The idea of a circular economy is not actually a recent one and therefore cannot be credited to one person or a theoretical method. The concepts outlined in Kenneth’s Boulding’s 1966 essay, The Economics of the Coming Spaceship Earth, are usually cited as the initial trials to what is now a completely groomed system for an economy that values rebuilding and recreating rather than discarding. From these little start, different concepts that communicated similar purposes began to agree.

Those concepts include cradle to cradle assessment embedded with the laws of ecology, bio-imitation targeting a working economy and new designs with closed-loop systems.

Nonetheless, it had to take a 2012 report from the Ellen Macarthur Foundation regarding the business economy, titled: Economic and business rationale for an accelerated transition, after which the economic and business opportunities were put into consideration. In short, this report has put the Circular economy at an edge to be considered an indispensable and economically useful option to the acting system for all businesses and companies.

The Platform for Accelerating the Circular Economy also known as PACE was launched in 2018, uniting the World Economic Forum, Philips, World Resources Institute, United Nations Environment Programme, Ellen MacArthur Foundation, and 40 more partners to instigate the Circular Economy agenda. Currently, PACE is the force behind numerous international projects that are responsible for facilitating the shift to a circular economy.

Defining the Circular Economy

The sum of these concepts, ideas, reports, essays, and platforms would finally amount to one goal. For the world to better manage depleting natural resources, and handle man’s ever-increasing waste, we must change from traditional views of tapping, processing, disposing and rather inculcate closed loops that value already used resources. In summary, our “disposable culture” must be transformed. Solely by preserving products, packaging and eventually resources in circulation for a long time can we deal with the problems caused by our existing economies.

The definition of the circular economy versus the existing linear model could be effectively illustrated using these diagrams.

Why is the Circular Economy Important?

As mentioned earlier, the principles of a circular economy are; the decrease in our dependency on non-renewable resources and the reduction of waste. However, today it targets much more than this and covers a wide range of other principles that have become inseparable from a truly circular economy.

Seeing that much of the circular economist’s intrinsic concepts have been accepted, there are still upcoming philosophies on how these values can evolve and expand.
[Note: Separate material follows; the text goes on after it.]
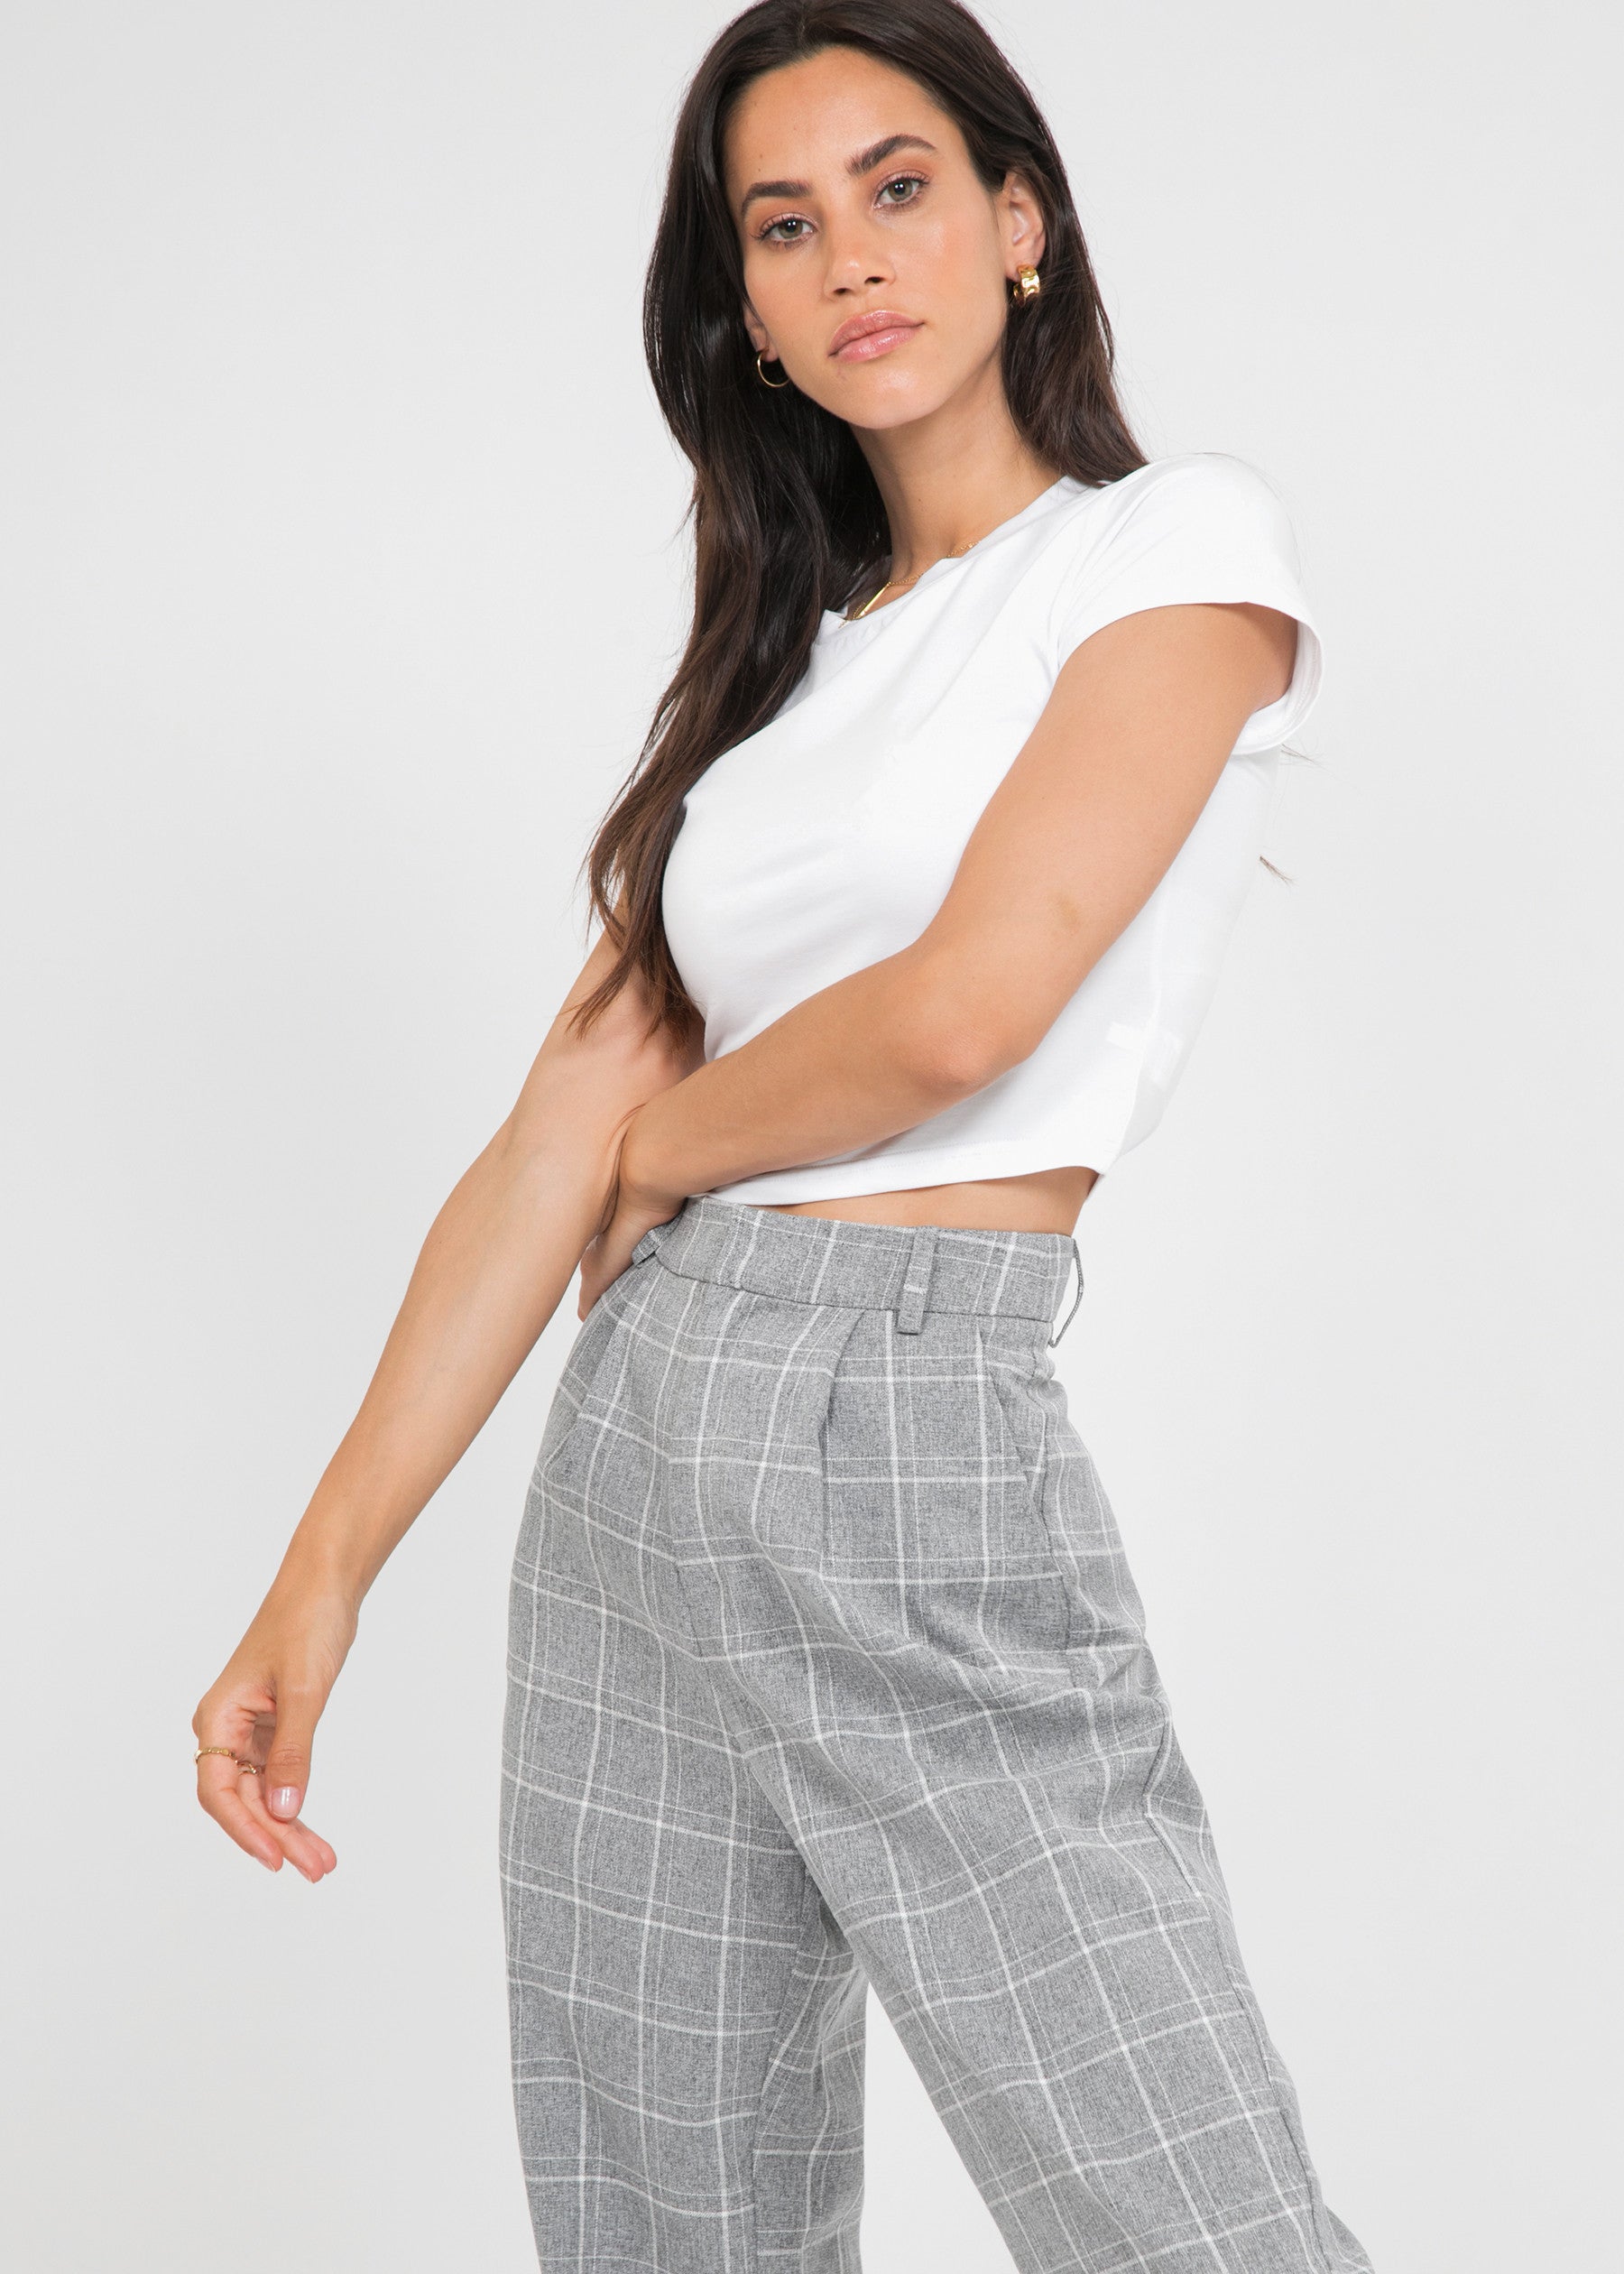 High Waist Houndstooth Wide Leg Pants For Women Spring/Summer Ladies Check  Trousers With Split Hem Bottoms Clothing 210427 From Bai01, $30.35 |  DHgate.Com

A common hidden fact to all approaches is the idea that the circular economy must be accepted as an economic and social advantage instead of a nuisance.
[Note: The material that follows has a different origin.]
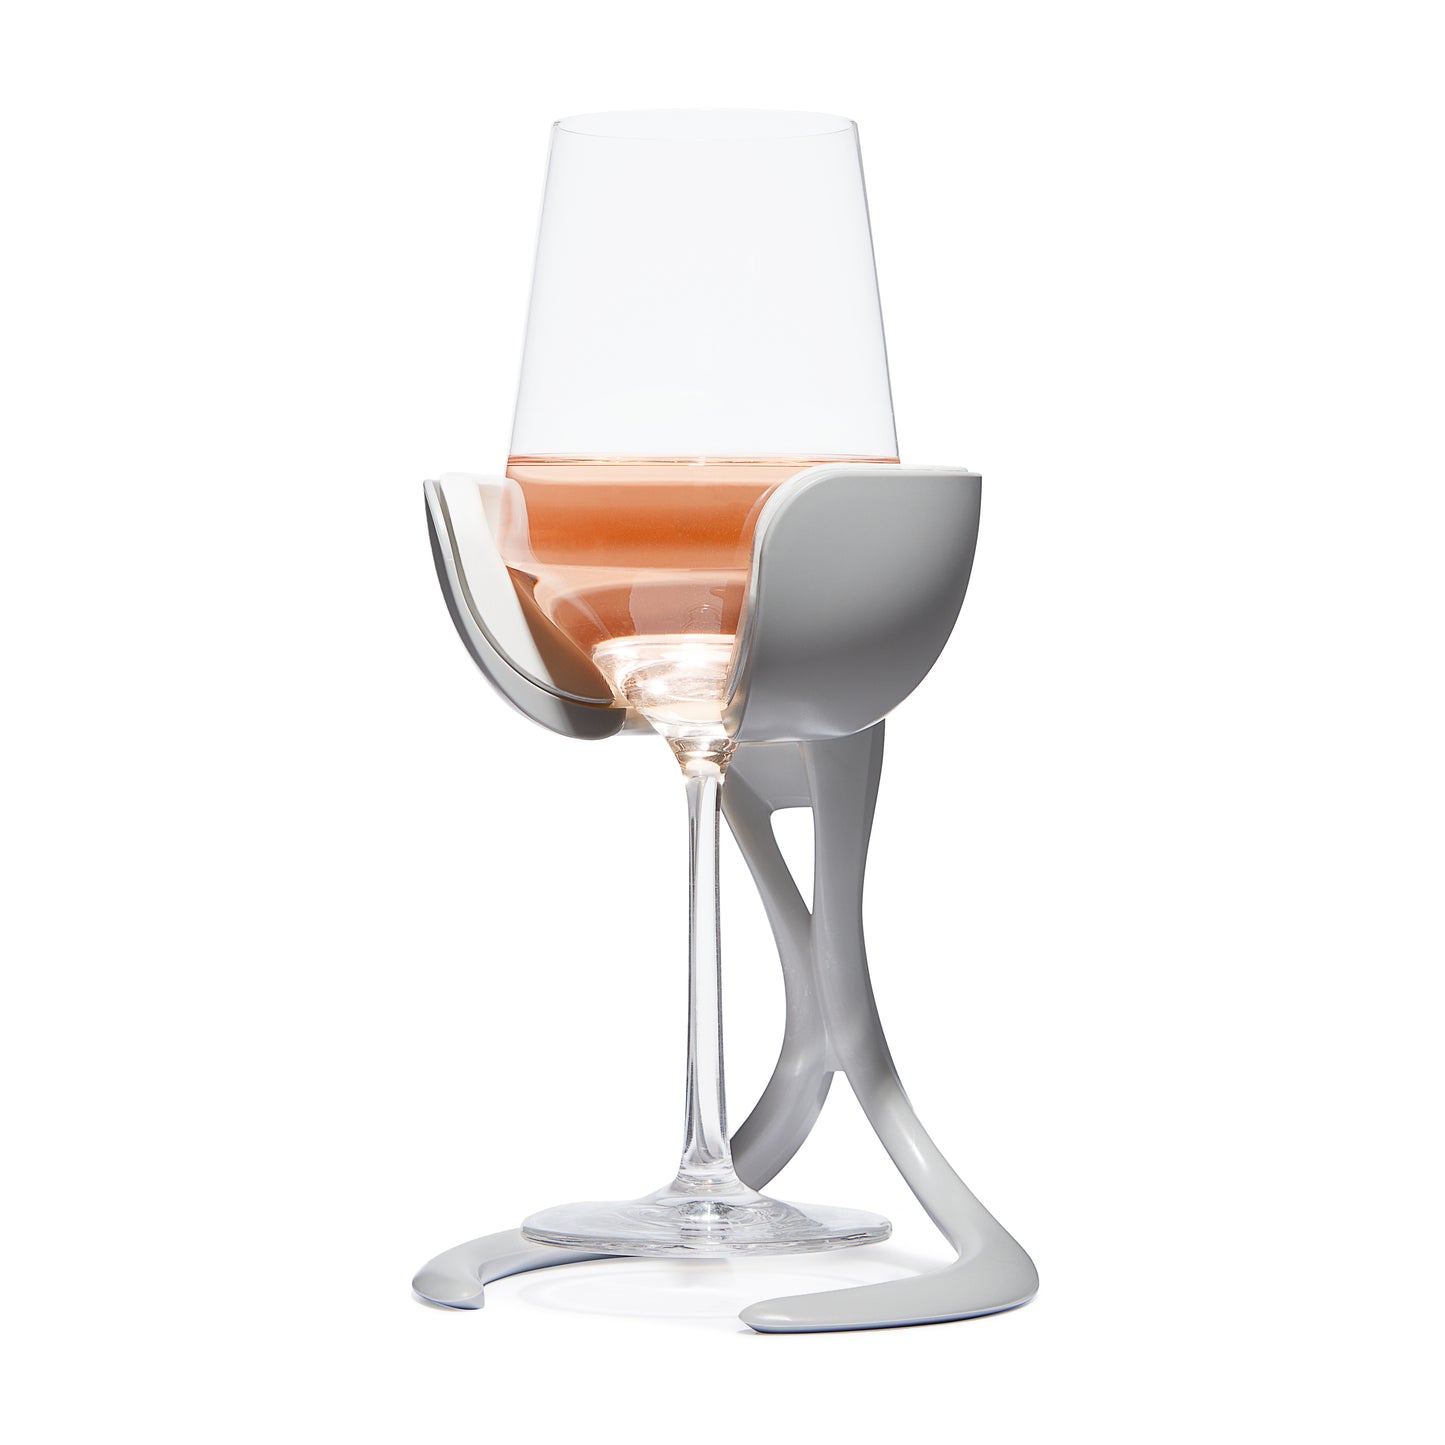 Stone color stemmed wine glass chiller on white background by VoChill Inc.

How Does the Circular Economy Work?

Certainly, these fast changes to our manufacturing will diversely have their effects on different product types. But the concepts of the technical cycle and the biological cycle are shown in this circular economy diagram.

In the biological cycle, natural resources are legally and sustainably tapped in large quantities from the earth, plants, and animals. There is, however, usage of products before “waste” is decomposed and goes back to the ground as manure.
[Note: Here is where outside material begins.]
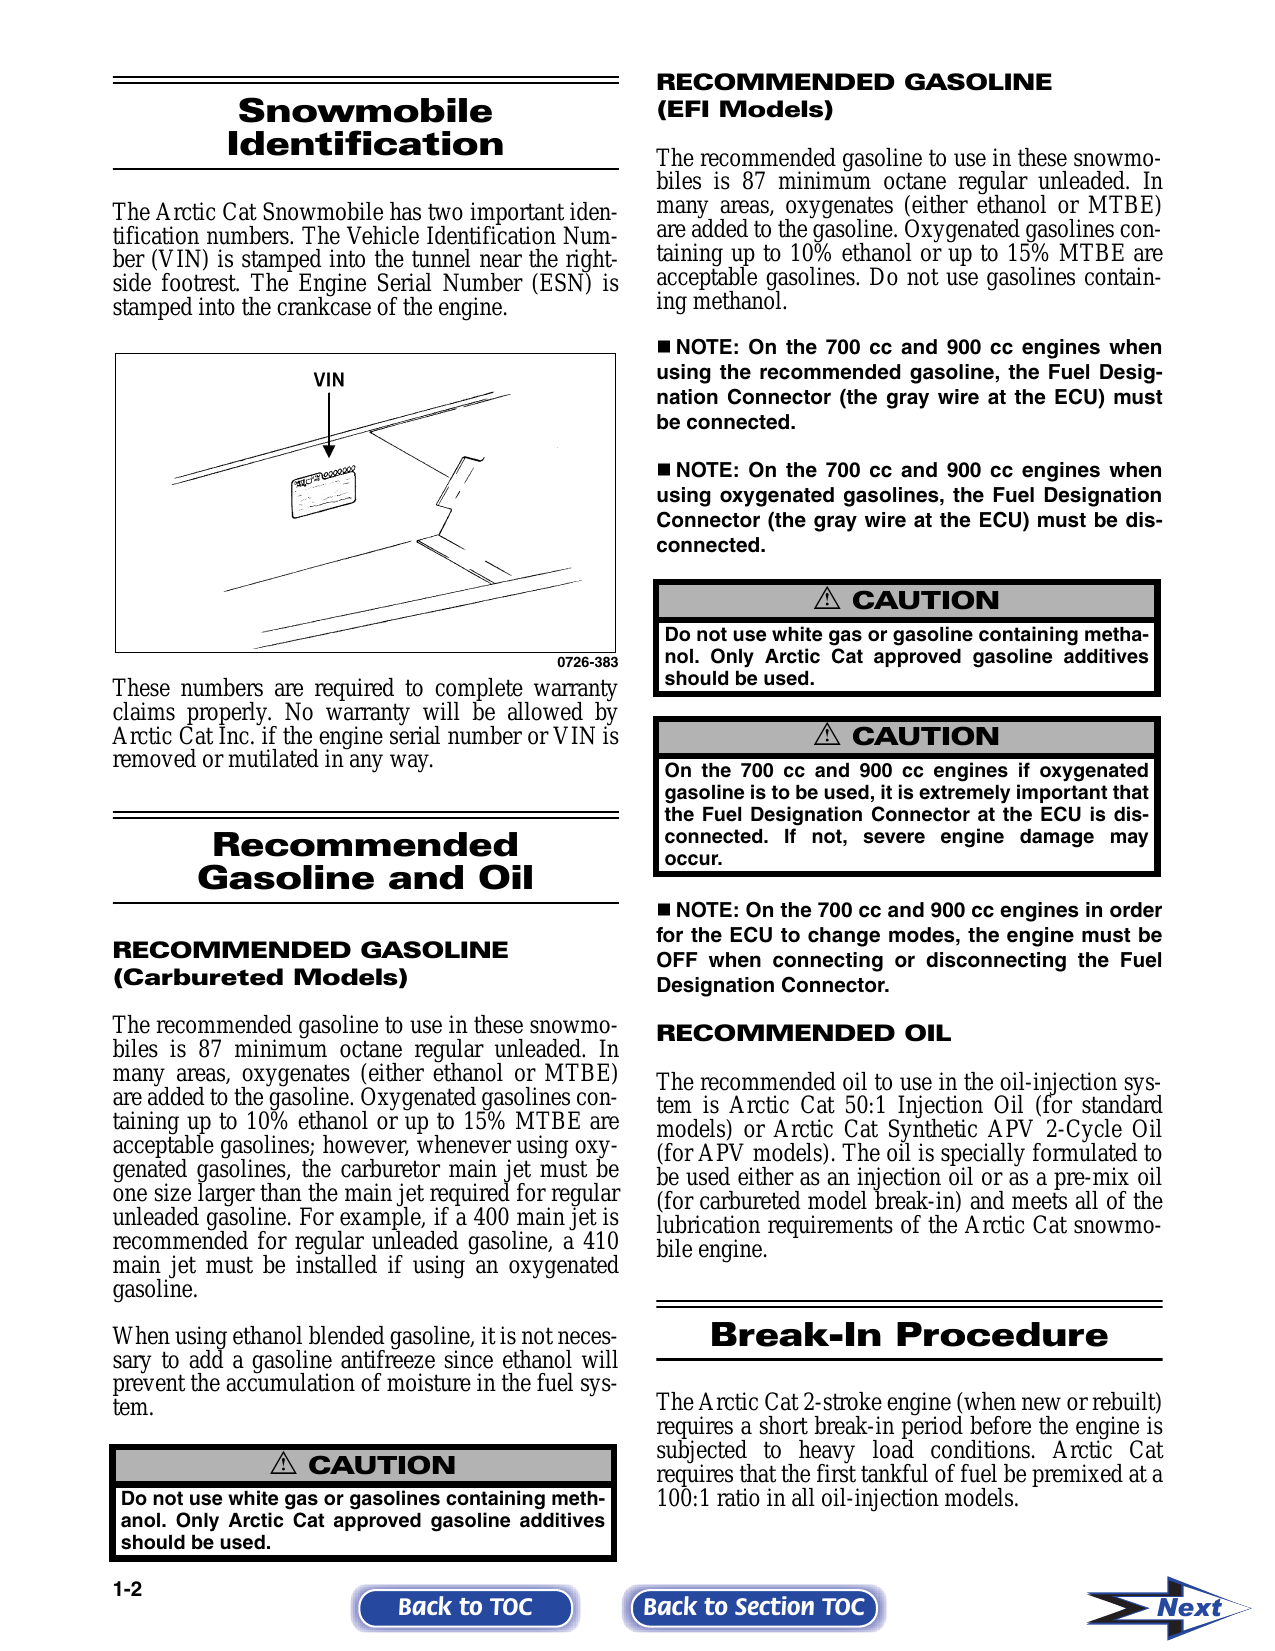 2006 Arctic Cat Snowmobile manual (for all models) Preview image 4

In the technical cycle, natural resources are processed or produced to ensure durability and easy recycling. Products, therefore, are used before the materials are recycled, or a selection of distinctive components are retrieved and reused.

In these two cases, renewable sources such as solar energy are used in production. Sometimes products may fall under both the technical cycle and the biological cycle. For instance, plastic bottles made from biodegradable polymer should be made in such a way as to be used many times before final disposal for the decomposition stage.